I still kick myself for a decision I made in Q2 2023. We were buying a critical Mitsubishi Q-series PLC module for a control panel upgrade. The project had a hard deadline: if we didn't ship the panel by Friday, the client's entire bottling line would be idle Monday morning.
Vendor A quoted $2,800 for the module with standard shipping (3-5 days). Vendor B offered the same module for $2,600 but charged $150 for expedited shipping (promised 2-day delivery, 'probably' by Friday). I chose Vendor B. The upside was $200 in savings. The risk was missing the deadline. I kept asking myself: is $200 worth potentially delaying a $15,000 event?
The module arrived the following Tuesday. That 'probably' turned into a 'sorry, we can't guarantee it.' We paid $400 extra for an overnight competitor shipment (source: a third-party broker). Total cost: $3,000. Plus, we lost the client's trust—which, honestly, was worth more.

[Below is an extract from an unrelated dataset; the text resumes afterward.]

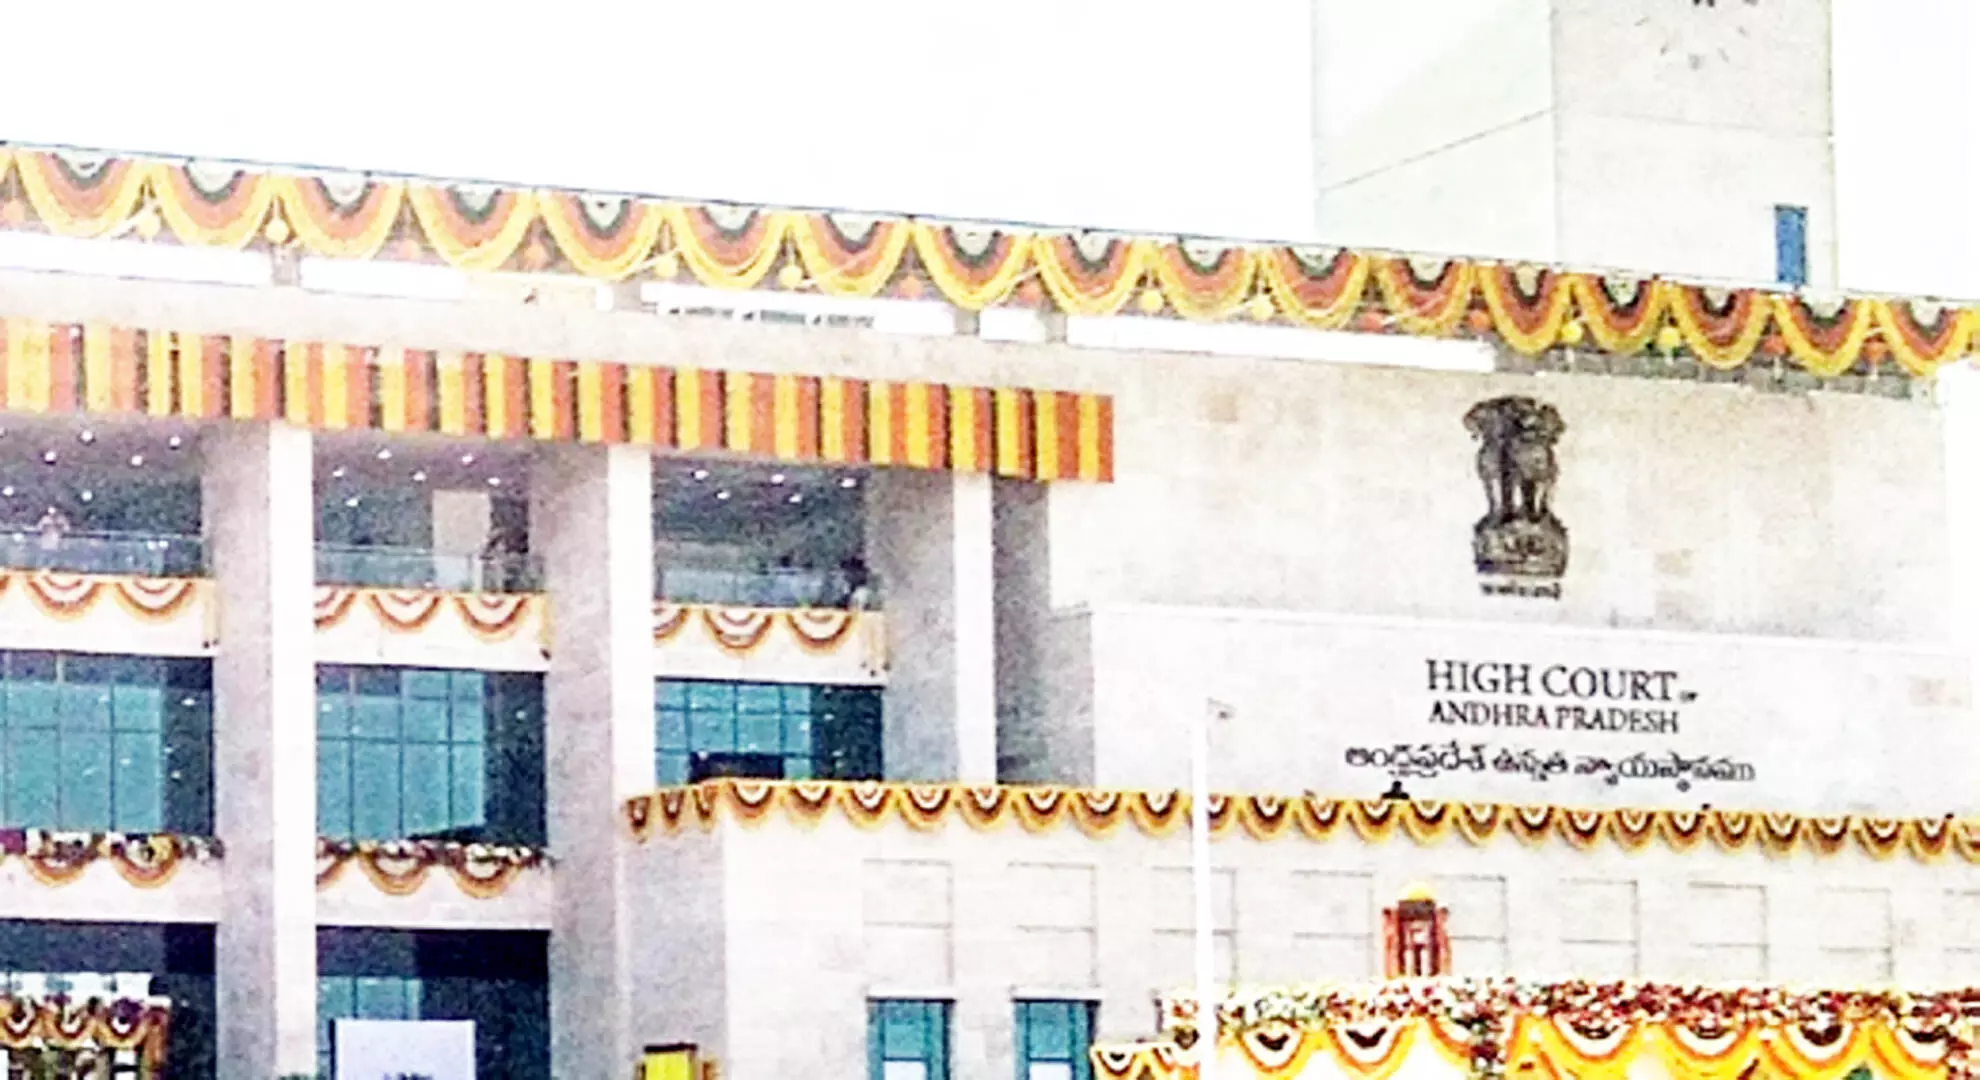 आंध्र प्रदेश उच्च न्यायालय ने सरकारी कॉलेजों में गैर-शिक्षण कर्मचारियों को प्रिंसिपल के पद पर पदोन्नत करने की आलोचना की

This is the thing about industrial automation projects (like those using Mitsubishi FX or L-series PLCs): the individual part might be a few hundred dollars, but the cost of downtime runs into the thousands per hour. Here's what I've learned about time certainty after six years of tracking procurement spreadsheets.
When I audited our 2023 spending, I found that 22% of our 'budget overruns' came from emergency shipments—the ones we placed after standard delivery failed to show up on time. Over $1,800 in rush delivery fees across 12 orders, all because we tried to save $30-$150 on shipping.
Let me break down the real cost of a cheap shipping decision:
The cheap option isn't $2,600 plus $150 shipping ($2,750). It's $2,600 plus $150 shipping, plus the probability of a $400 emergency shipment (maybe 20% of the time), plus the labor cost of two technicians twiddling their thumbs. You see why I now build a 'contingency budget' into every critical order?
Calculated the worst case for that Q2 2023 order: completely missed deadline, had to buy from competition at a premium ($3,000 worst case). Best case: saved $200. The expected value said 'go for the cheap option' ($200 savings times 80% probability = $160 expected savings)... but the downside felt catastrophic. Because it was.
I now run a quick cost-risk table for any order over $500 where a missed delivery matters (like control panel LED lights or a specific Mitsubishi L02CPU module). Does it take 10 minutes? Yeah. But it's saved me from at least two painful situations since.
One of my biggest regrets is not recognizing how vendor pricing psychology works. When a Mitsubishi PLC vendor offers 'free shipping' or a $20 discount without guaranteed delivery, they're shifting the risk to you. Think of it like a harbor freight battery charger coupon—yes, you save $5, but if the charger fails when you need it most, the cost of replacing a dead battery is way more than $5. (And no, you can't start a car with a charger connected unless it's a modern smart charger—but that's another story.)
According to a survey I did of 8 vendors in my network (nothing official, just procurement manager talk), only 3 out of 8 offer guaranteed delivery dates with penalties for being late. The other 5 say 'estimated delivery' and lean on 'carrier delays.' The cheap option is usually from the latter group.
Per my updated procurement policy (started in Q1 2024, after the Q2 2023 debacle), here's what I do for all time-sensitive automation projects:
I believe the premium for guaranteed delivery is worth it for deadline-critical projects. But that's a judgment call. If you have a flexible schedule (like a 2-week maintenance window), you can probably take the risk. Just don't call it 'saving money'—call it 'managing uncertainty.'
A colleague of mine once said: 'Buying a cheap PLC module without guaranteed delivery is like using a harbor freight battery charger coupon—you're focused on the $5 saved, not the dead battery at 6 AM.' He wasn't wrong. Can you start a car with a battery charger connected? Not if the charger is a trickle charger. Some things are engineered for certainty, some for price. Know which you need.
I'll leave you with this: the next time you're choosing between a $2,600 module and a $2,800 module, ask yourself what the 'somewhere in the middle' option looks like. In our case, it was Vendor A's $2,800 with guaranteed delivery. We paid $200 more and got certainty. That's a trade I'll make every time.